The current version of the specification ( v0.36) does not clearly specify how an element which has a specified length should be parsed.
- Section 14.3, when describing dfd:length says "Only used when lengthKind is ’explicit’ "
- The precedence rules say that when lengthKind="delimited", no other properties are consulted
- Section 17.3.2 has a comment saying that it is incorrect. The comment contains a couple of rather ambiguous statements about what the behaviour should be.

Alan proposes that the behaviour should be as follows:
- When dfdlLength has a value, the length of the field must always conform to that value.
- When there is terminating markup in scope ( terminators or separators ) the parser always uses them.
- If a text field has a defined dfdl:length AND there is terminating markup in scope, then the parser should first scan to find the actual length, then check the actual length against dfdl:length and raise a processing error if they do not match.

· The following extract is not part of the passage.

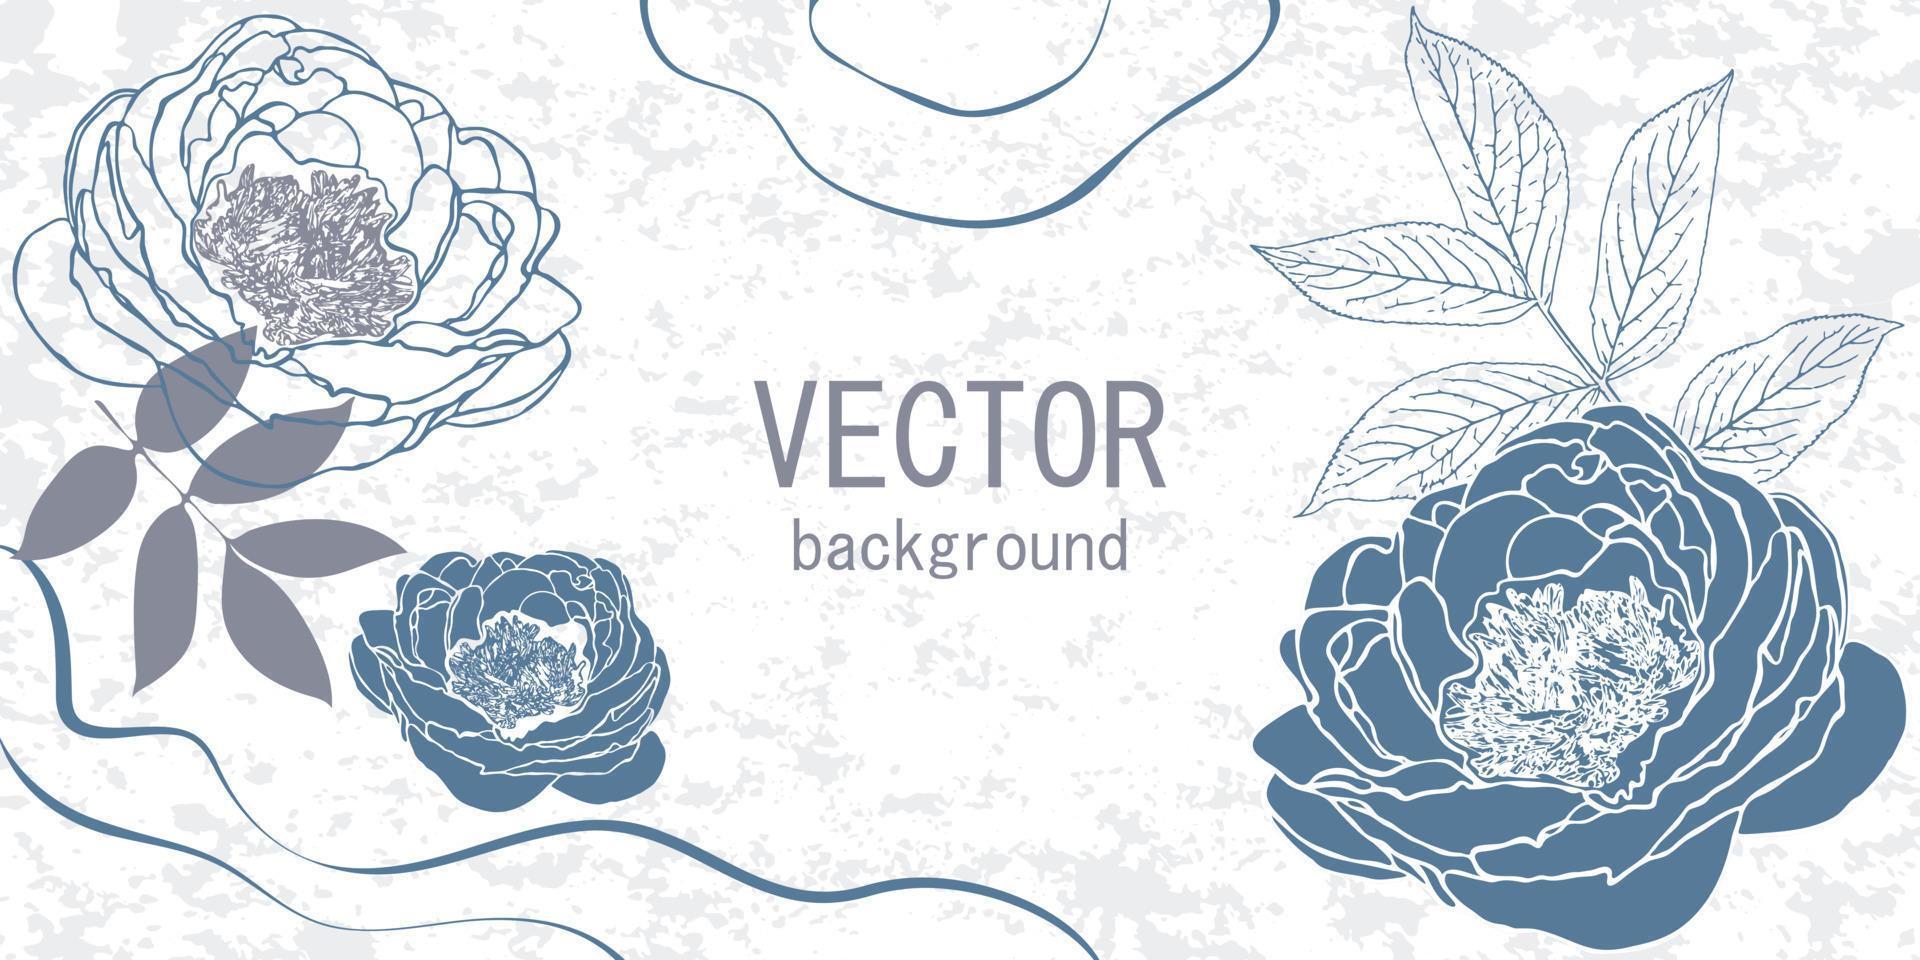 Minimal floral background with peonies and leaves. Vector summer blue background. Abstract art for banner, packaging or wedding invitation.
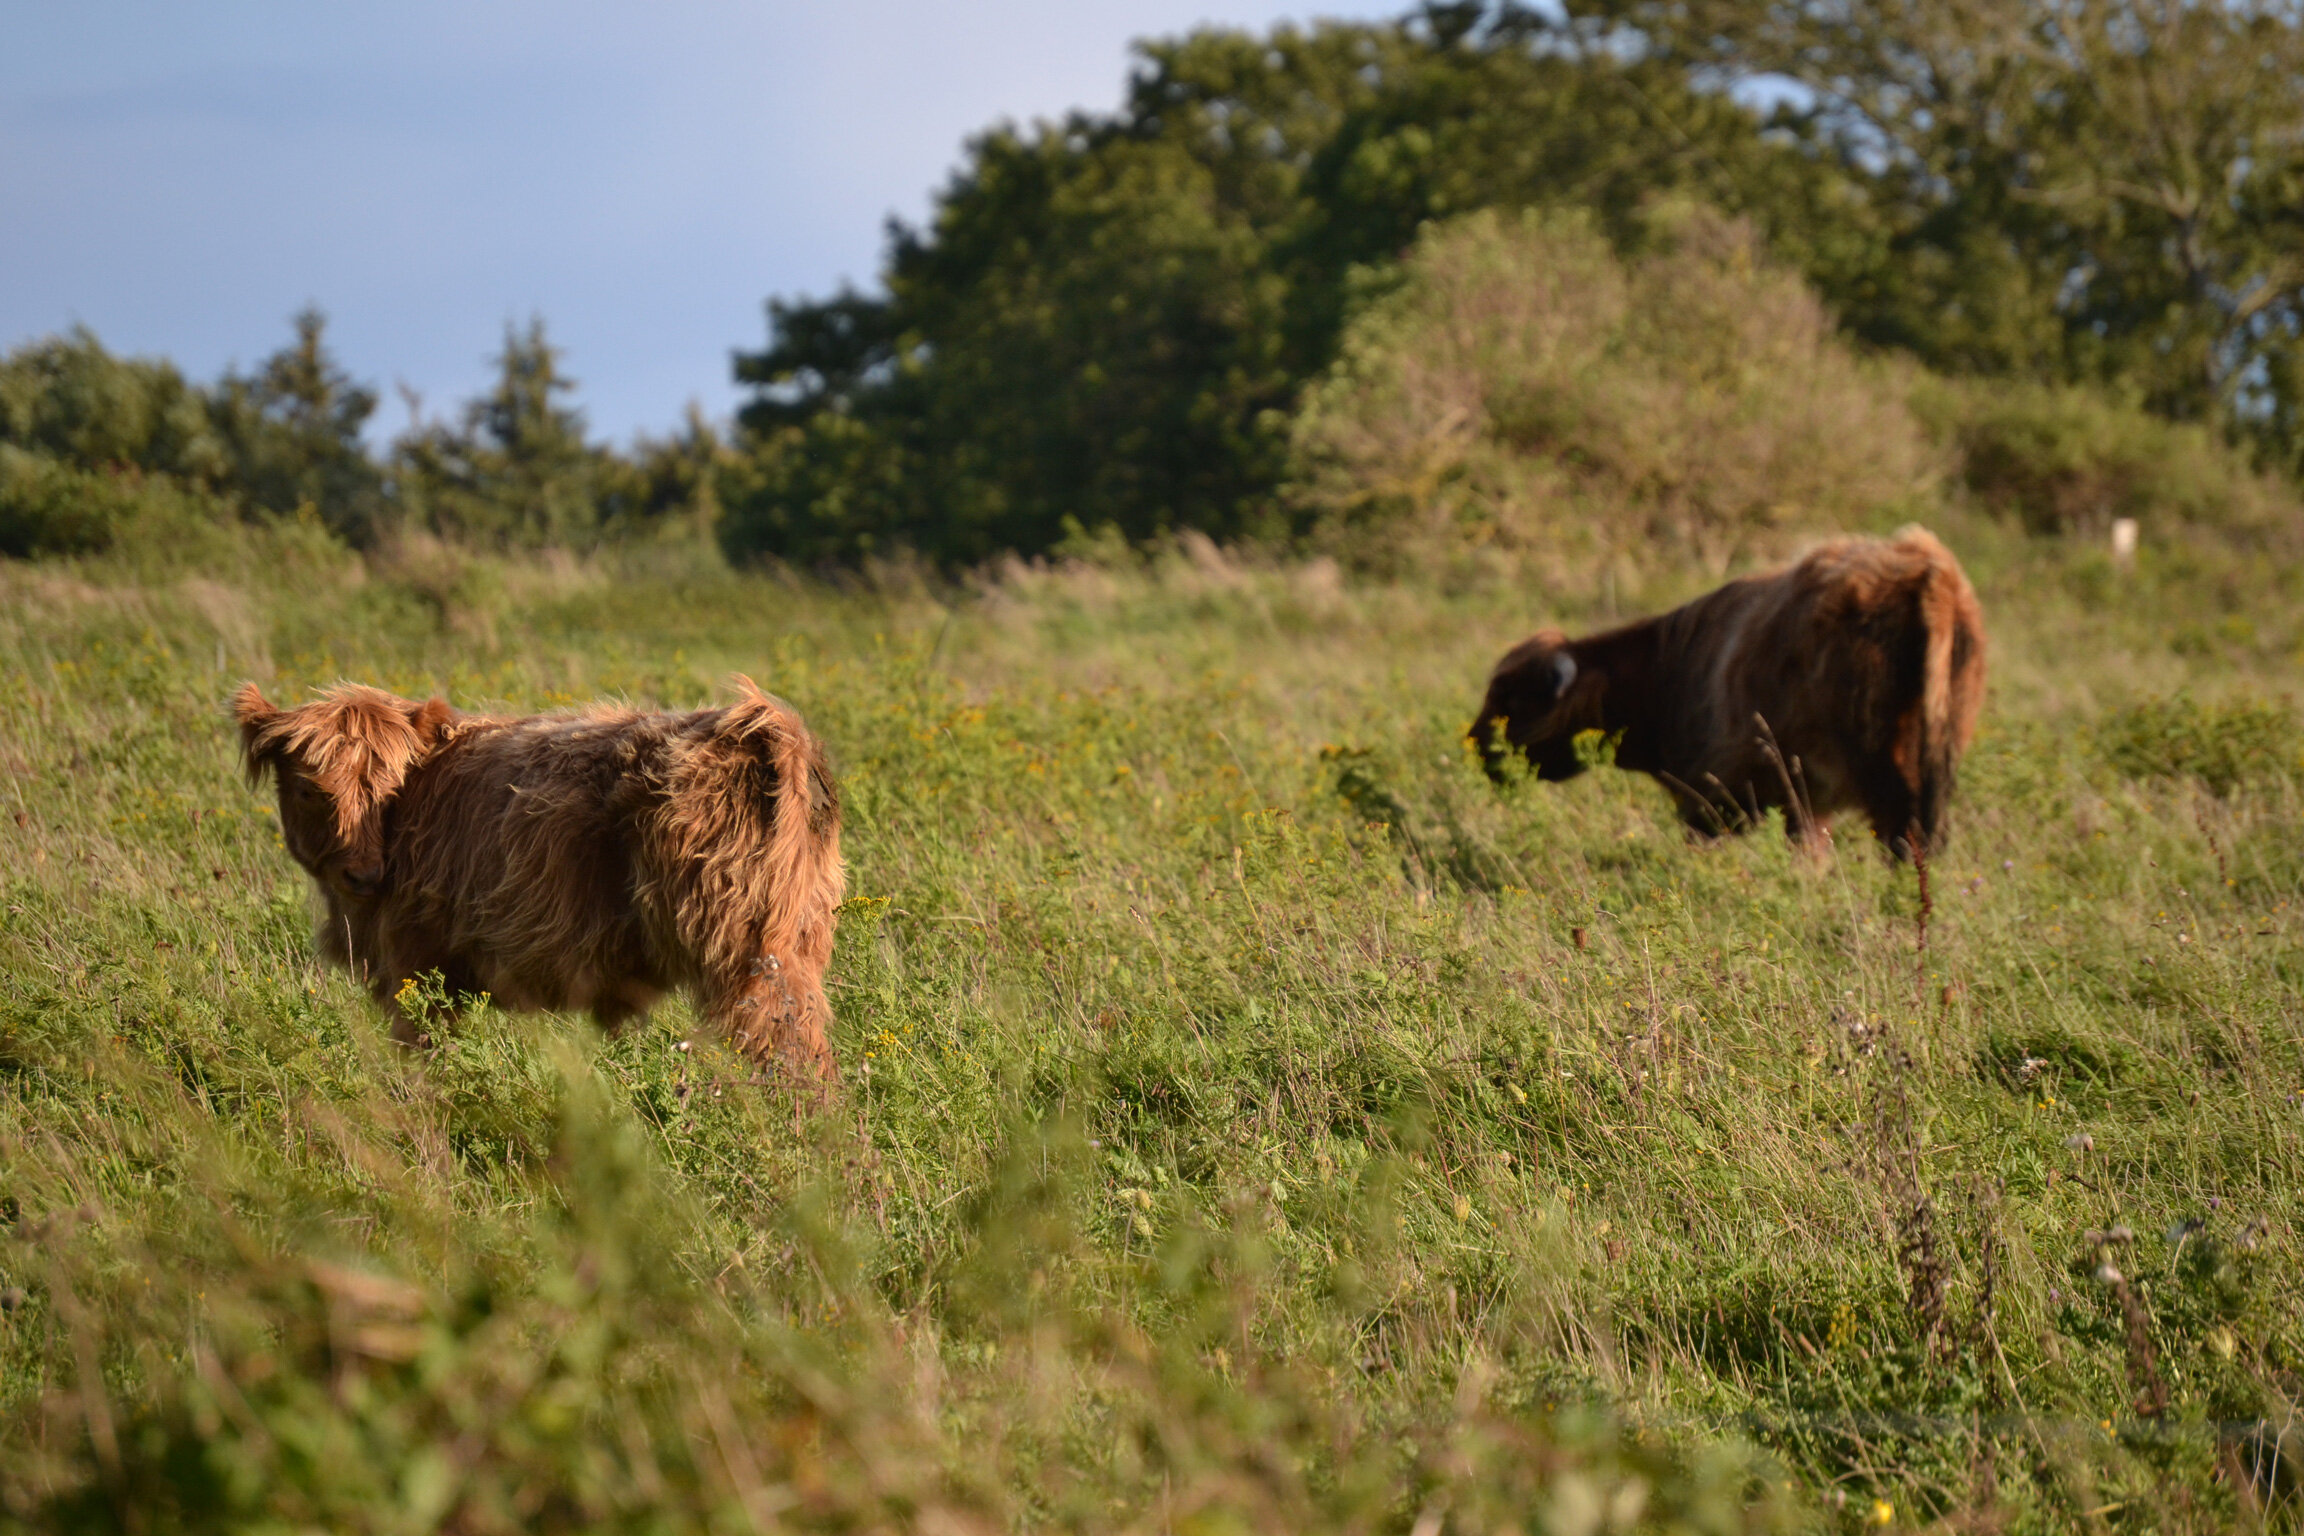 photo of Low-intensity grazing is locally better for biodiversity but challenging for land users, study shows image

I favour the following alternative rules
- dfdl:lengthKind always determines the method that the parser will use to the find the length of the element
- if lengthKind='explicit' or 'implicit' or 'prefixed' then the length is extracted without scanning.
- if lengthKind='delimited' then the length is extracted by scanning and no check is performed against dfdl:length

The alternative rules have the following advantages:
- they provide a way of switching off scanning within the scope of a delimited structure. The proposed rules do not.
- they are easier to implement ( parser doesn't have to keep track of whether there is any terminating markup in scope - lengthKind always provides the rule )
- they are slightly easier to explain to users for the same reason

They do have the following drawbacks:
- dfdl:length is completely ignored when lengthKind='delimited'. It is not even used to validate the extracted length. Some users might not like this.
- there are known scenarios ( e.g. SWIFT 52B ) where it is necessary to check the length of a delimited field in order to choose the correct branch of a choice. Checking dfdl:length would make it easy to do that.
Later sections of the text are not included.